Think about it. Put yourself in his shoes. You're getting SHOT at. One wrong move and you're dead. Now, would you try and fight back with your service pistol against whatever force is attacking... or would you use the little magic box that if you say "help please" an armed battalion with shotguns, assault rifles, and body armor will break in and take down those attacking you?



ironpony said:


> 3. The MC is tailing a suspect, and the suspects gets really frantic while on the phone, runs to his car, and drives off in a hurry.  He follows curiously but does not call for back up, even though the suspect is acting frantic and panicking like he is about to go off and do something questionable.



In this case, it's more believable, only because there's no indication of violence or a criminal act, just a suspect acting fishy.
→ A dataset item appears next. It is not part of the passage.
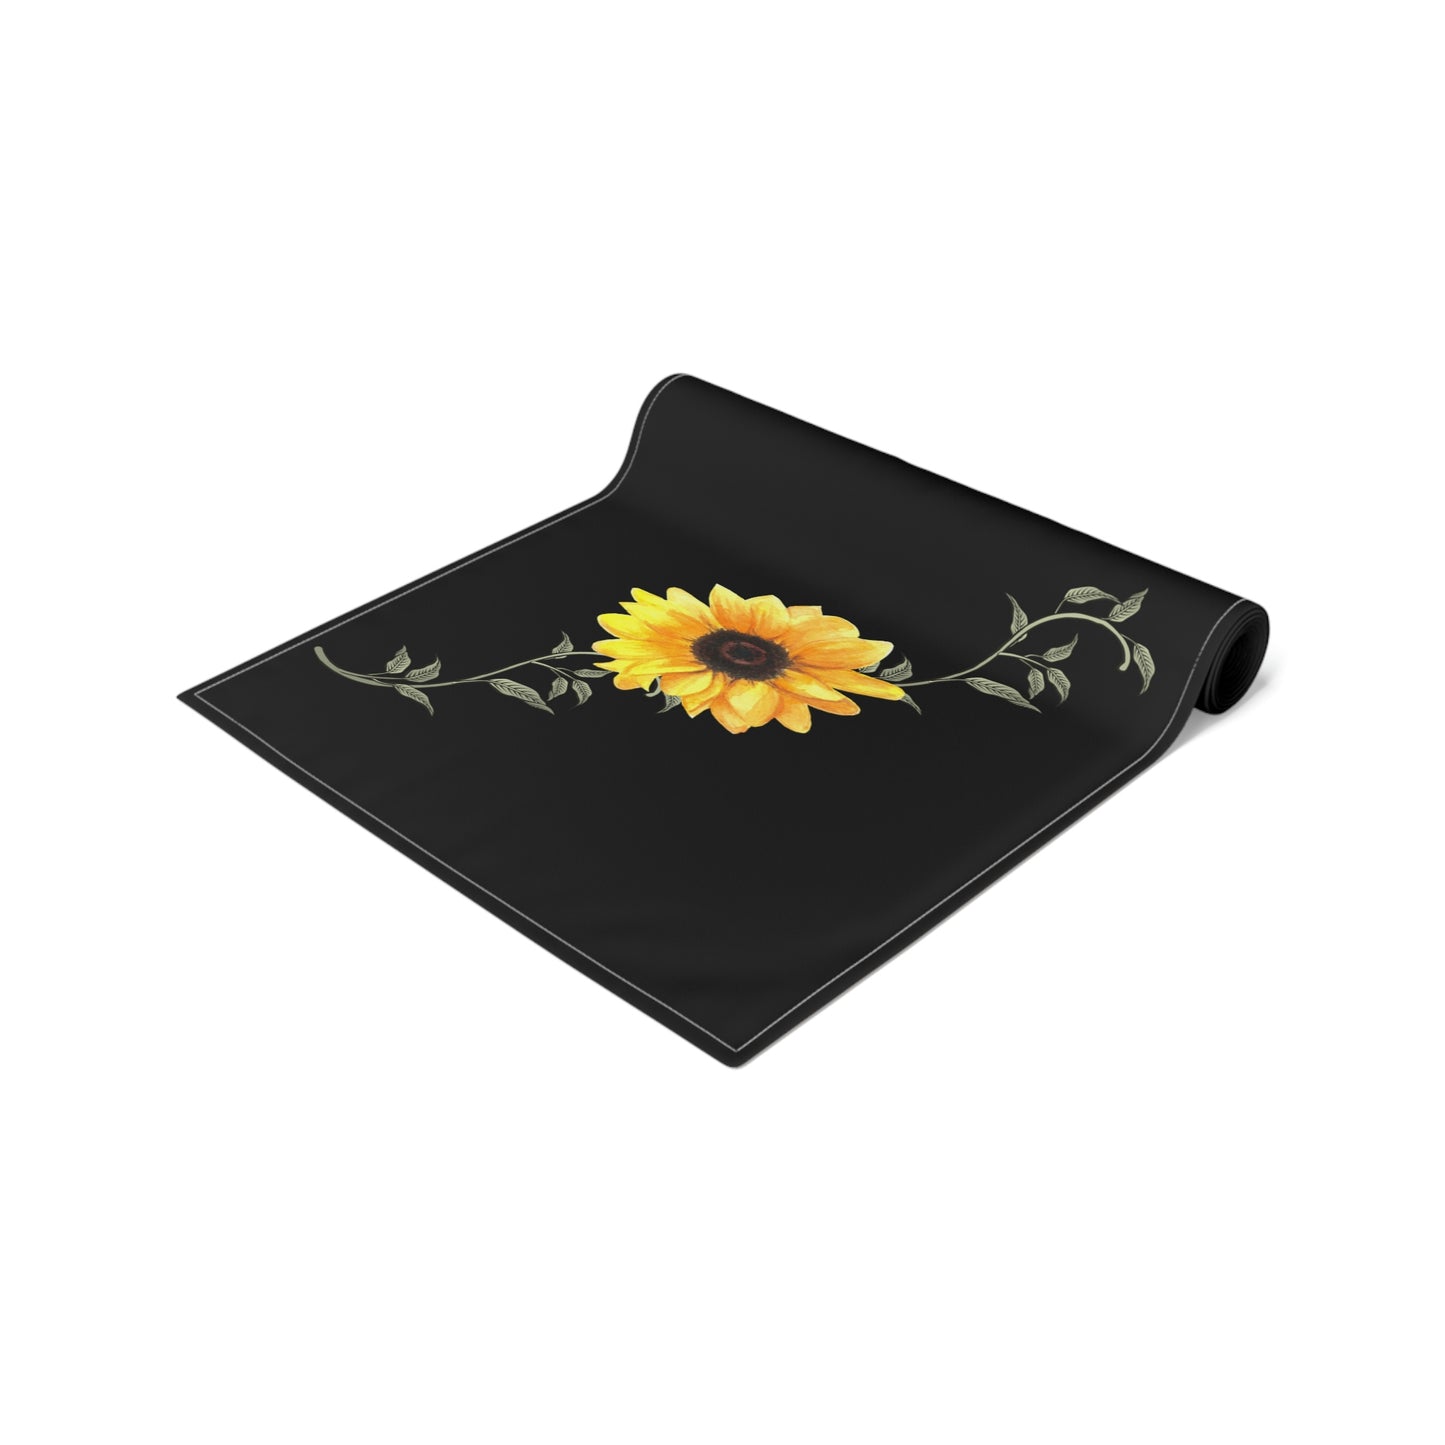 Sunflower Table Runner / Summer Table Runner / Floral Table Decor

In order to allow the suspect room to breathe and to follow him, he might hold off on backup.

He would likely report to dispatch that he was trailing a suspicious vehicle and give indication of where he is and the direction/street he's heading down. This way, let's say the suspect fires a bazooka out the back of his car and destroys the cop's car and nearly (or really does) kill him. Now the cops following up on the assault have something to go on; description of the vehicle, the suspect, and what heading he had.

Cops are people. They have the same sense of self-preservation as anyone else. Moreover, most cops who become detectives are usually fairly sharp people. Maybe not the brightest the world, or even law enforcement has to offer, but they're not dumb enough to ignore life-saving regulations. Moreover, they'd get fired for ignoring them. So if it's a habit this guy has, and he just does whatever he wants and comes out with big busts and shootouts like in a movie? In reality, he'd be fired. Quickly.


----------



## ironpony (Sep 11, 2015)

Okay thanks. I changed the first one around so the situation is different.

For the witness protection scenario, if the cop cannot be alone while watching her, and needs to have a partner or at least one more person with him, for it to be believable, what if the witness told him that the other cop with him is one of the men who is after her, and he just got himself assigned to watching her, just to get close to her.

Would this be a good enough for the first cop to get rid of the second cop, thereby having the first cop being the only one watching her for the night?  He can call for back up later, that's fine, but I want him to be alone at first for certain things to happen.  Does him getting the other cop out of there, and then being left to watch him herself, work for that situation though?


----------